Hal tersebut terlihat dari penempatan jurnalis di pos khusus kepolisian. Selain tak memiliki kebijakan khusus terkait komunitas dengan keberagaman gender dan seksual, dari riset ini, tim riset mengetahui bahwa media tidak memiliki kebijakan untuk menyelenggarakan pelatihan terkait penulisan isu keragaman gender dan seksual “non-normatif” (“LGBT”).

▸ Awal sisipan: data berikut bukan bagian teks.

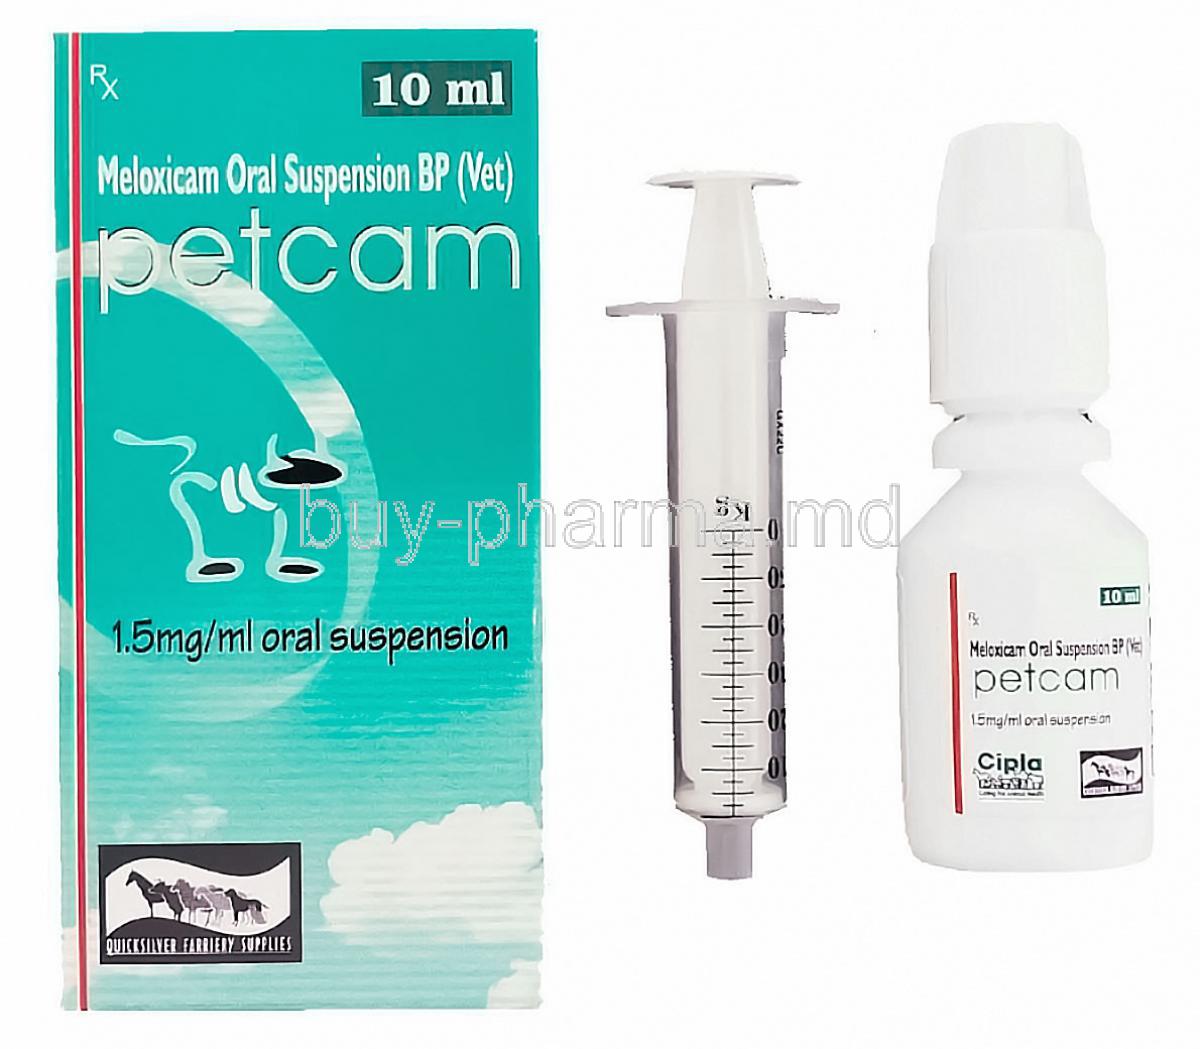 Petcam,  Generic Metacam,  Meloxicam  Oral Suspension

Hasil wawancara mendalam terhadap 6 jurnalis yang memiliki identitas keragaman gender dan seksual “non-normatif” (“LGBT”) menunjukkan bahwa jurnalis tak hanya “menghadapi’ konten dan kebijakan redaksi, namun juga lingkungan kerja. Mereka mengakui bahwa redaksi masih kental dengan kultur homophobia dan transphobia. Kultur ini menjadikan jurnalis merasa tidak nyaman. Kultur homophobia di ruang redaksi ini berimbas pada pemberitaan.

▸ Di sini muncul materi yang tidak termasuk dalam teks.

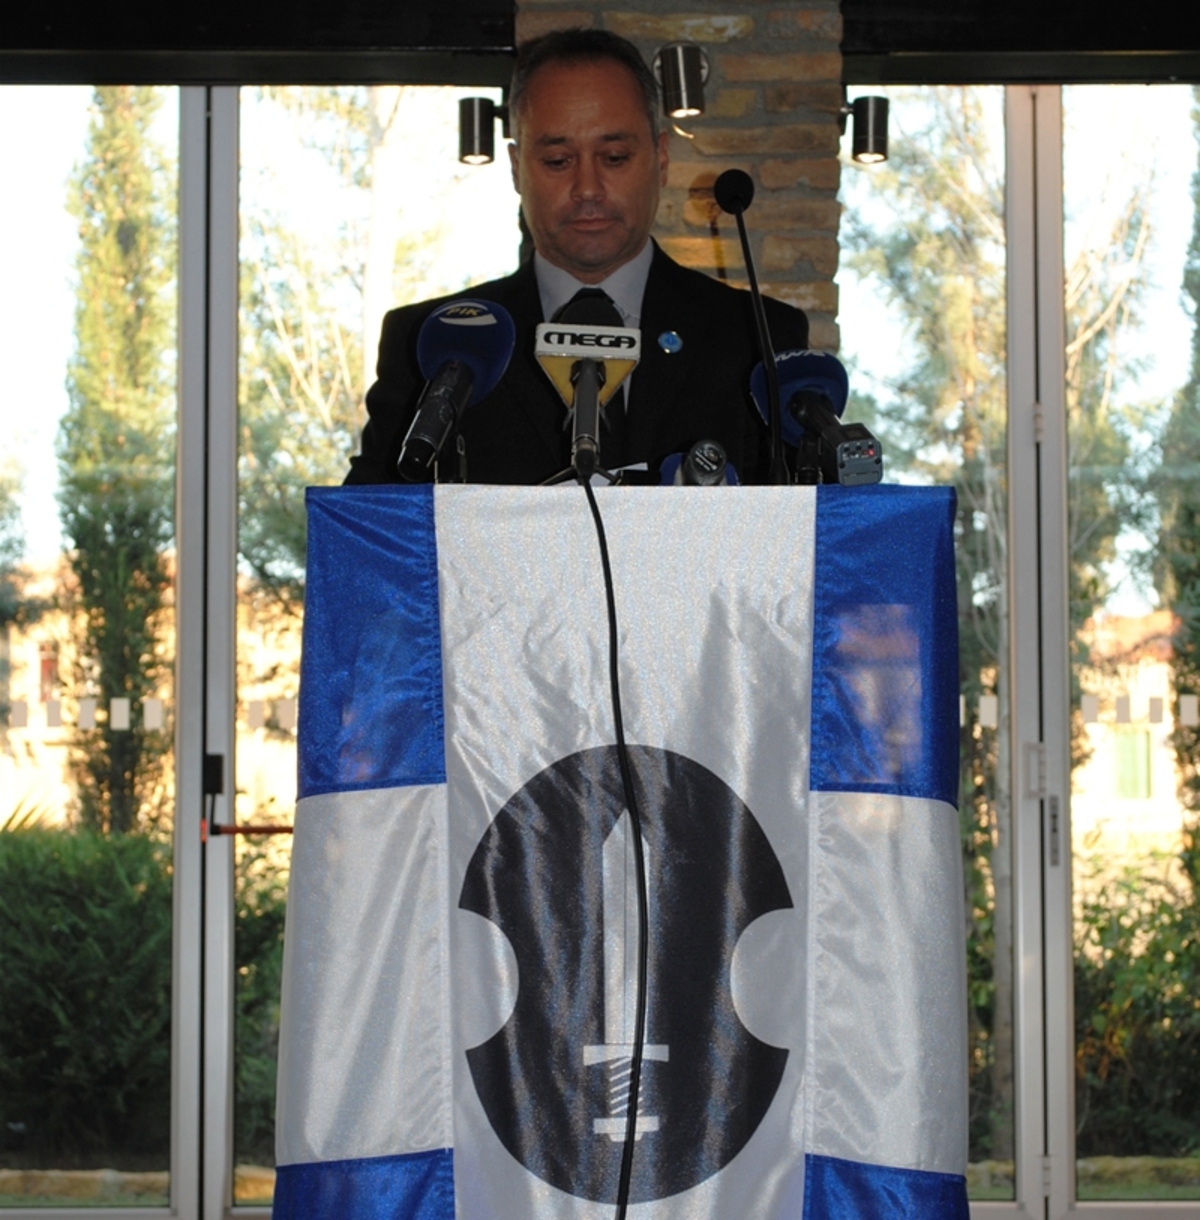 NewsIt Κύπρου: Με τον Γιώργο Χαραλάμπους στις εκλογές το Ε.ΛΑ.Μ

Dalam penelitian ini, kami juga menemukan bahwa salah satu hal yang menjadi kekhawatiran media dalam menyuarakan keberagaman gender dan seksualitas dengan perspektif yang lebih progresif karena khawatir digeruduk oleh kelompok fundamentalis berbasis agama.

Rekomendasi

Melihat kondisi ini, Konde.co berharap agar dengan penelitian ini, media dapat mengambil kebijakan seturut hak asasi manusia yang berlaku di Indonesia dengan prinsip non-diskriminasi antara lain terhadap individu atau kelompok/komunitas dengan keragaman gender dan seksual “non-normatif” (“LGBT”).

Temuan kami terkait adanya kesenjangan pengetahuan antar awak redaksi juga menunjukkan bahwa pendidikan pengetahuan tentang ideologi patriarki dan SOGIE-SC penting diberikan di tingkat redaksi agar dapat menguatkan perspektif.

Melalui riset ini, kami juga merekomendasikan agar Komisi Penyiaran Indonesia (KPI) mereformasi diri dan tidak menerapkan tindakan-tindakan diskriminatif yang menyebabkan ketakutan terhadap media dalam isu keberagaman gender dan seksual “non-normatif” (“LGBT”).

Selain itu, kami juga merekomendasikan agar Dewan Pers mendorong media untuk mempunyai kebijakan agar sensitif terhadap persoalan gender dan minoritas. Lalu membentuk panduan peliputan sensitif gender dan keragaman gender dan seksual. Panduan ini penting untuk mendorong ruang redaksi agar bersikap lebih adil kepada komunitas gender dan seksual “non-normatif” (“LGBT”).